COMMITTEE FOR PUBLIC EDUCATION AND RELIGIOUS LIBERTY v. REGAN (1980) -- In a case similar to WOLMAN, New York allowed private and religious schools to be compensated for operating their administration, and for using state-required tests. The court permitted the program, with Justice Byron White finding that it had a primarily secular objective.

MEULLER v. ALLEN - 1983 --Parents in Minnesota could deduct expenses for tuition, textbook costs and transportation for their children, including those attending religious schools. In a 5-4 decision, a majority of justices concurred with the program, with Chief Justice Rehnquist actually using the LEMON test to find that the result of the program was primarily secular.

AGUILAR v. FELTON (1985) -- In a replay of MCCOLLUM, a New York City practice of reimbursing the salaries of public employees who taught in parochial schools was examined.
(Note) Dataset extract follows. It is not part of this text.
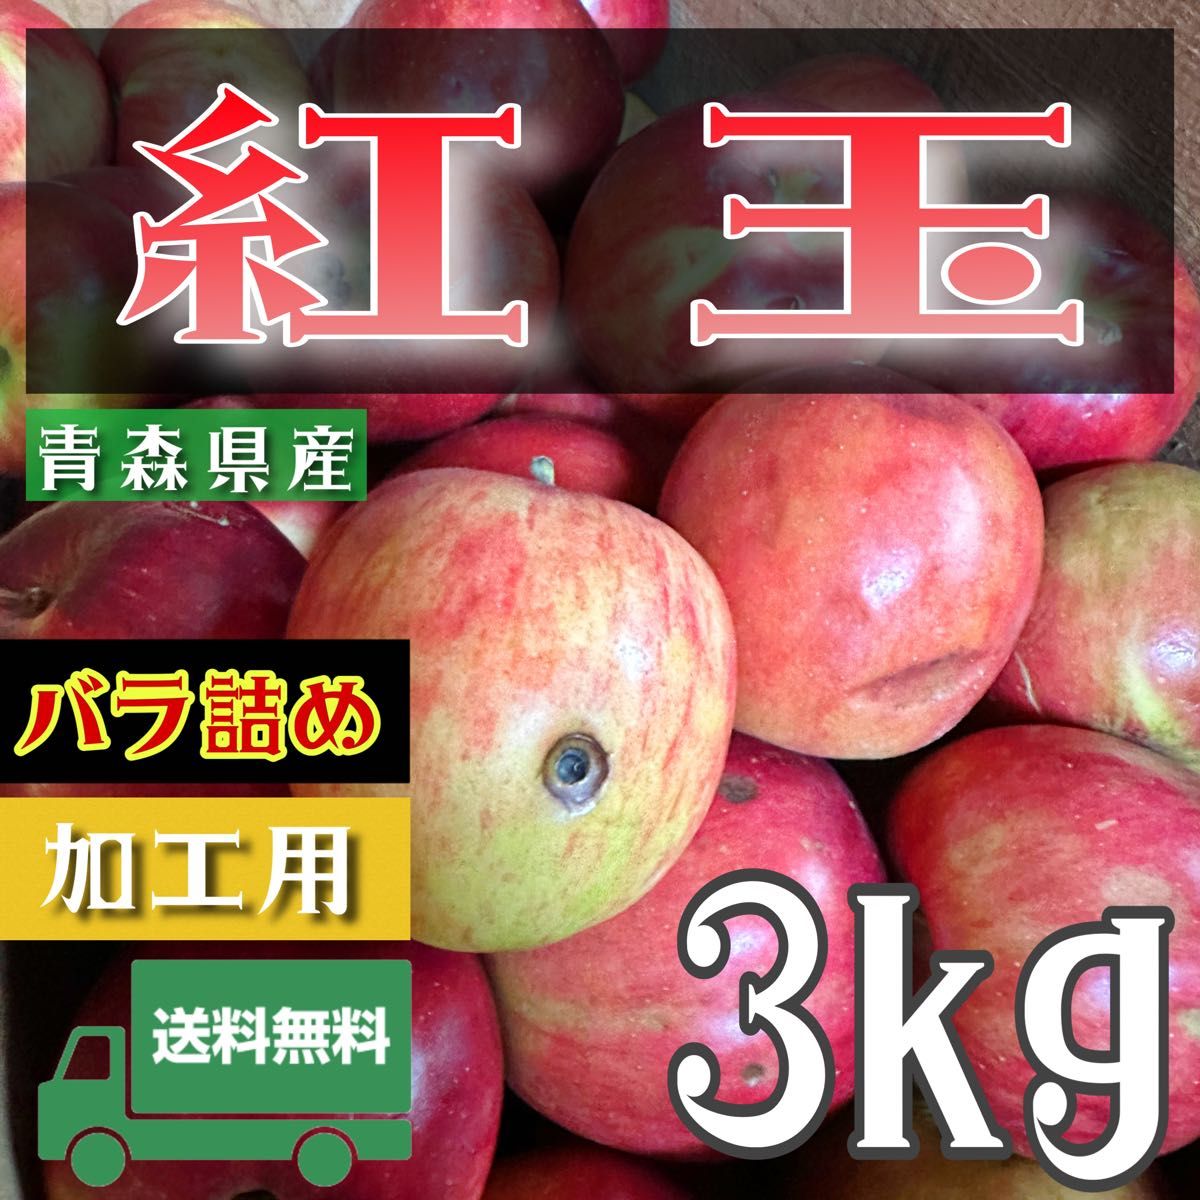 ＂ 紅玉 ＂【青森県産りんご3kg】【産地直送】【即購入OK】【送料無料】加工用 りんご リンゴ  林檎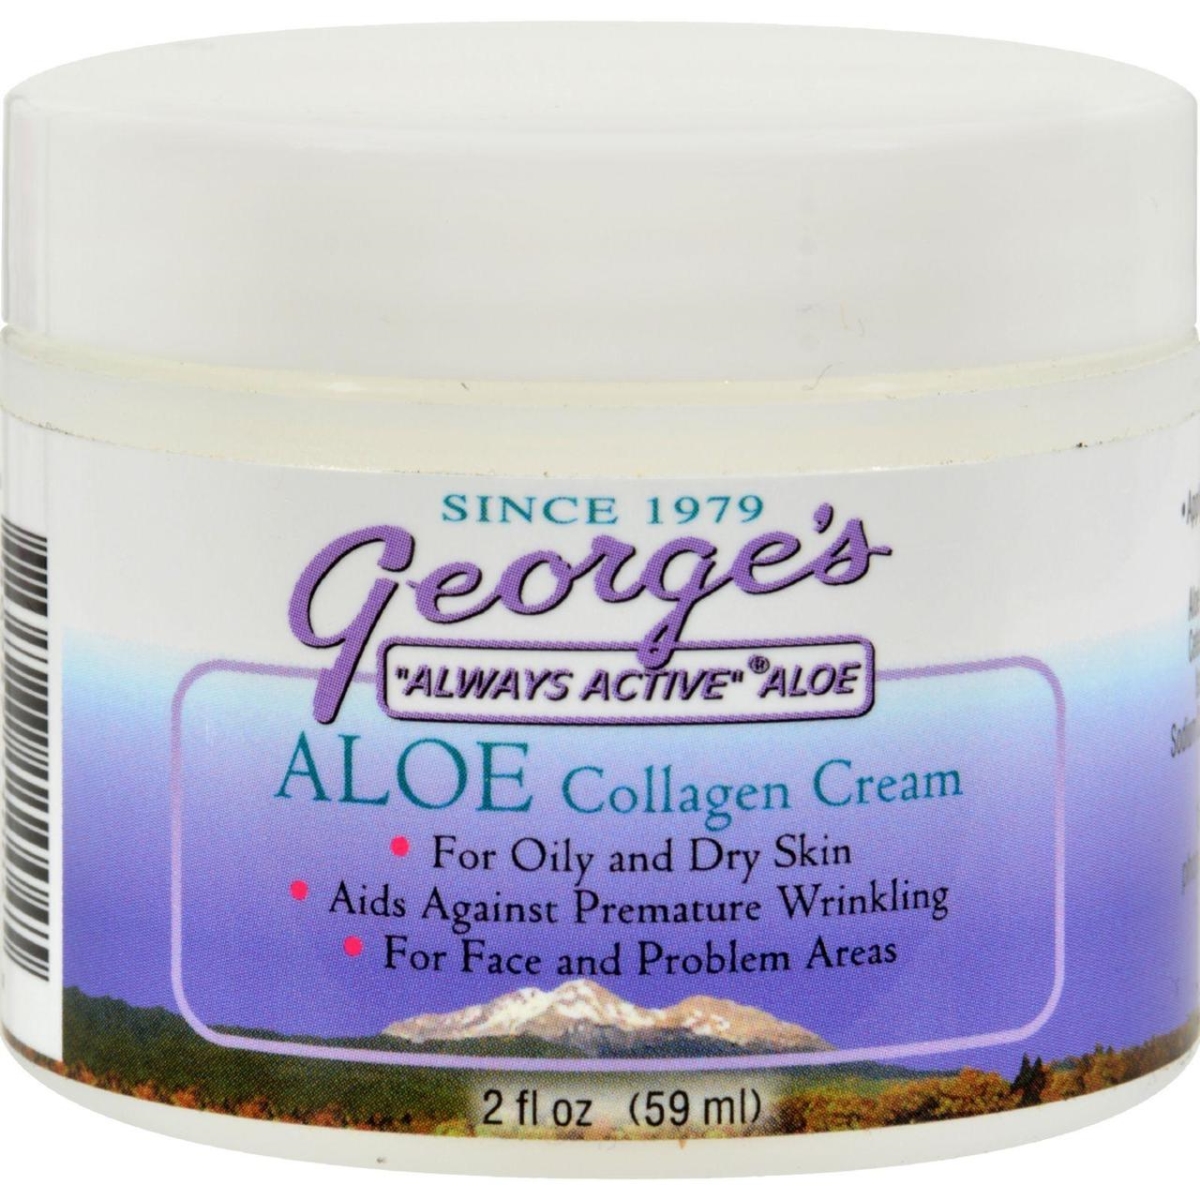 Hg0616433 2 Oz Collagen Cream

By a 5-4 ruling, justices struck down the program, with Justice Brennan insisting that this created "excessive entanglement" between church and state. "In short," opined Brennan, "the religious school, which has as a primary purpose the advancement and preservation of a particular religion must endure the ongoing presence of state personnel whose primary purpose is to monitor teachers and students in an attempt to guard against the infiltration of religious thought..."

AGOSTINI v. FELTON (1997) -- This case challenged AGUILAR v. FELTON, and the high court ruled 5-4 that public school teachers could tutor private school students on site. Prior to this, the public school system required students at private and religious schools to leave their buildings and walk outside, off the property, to trailers provided by the city.

Justices cited the earlier ZOBREST ruling which allowed the use of special-needs instructors. This case reaffirmed the belief of some that certain forms of state aid to sectarian schools were permissible, did not always advance religion, and did not automatically lead to excessive entanglement between church and state.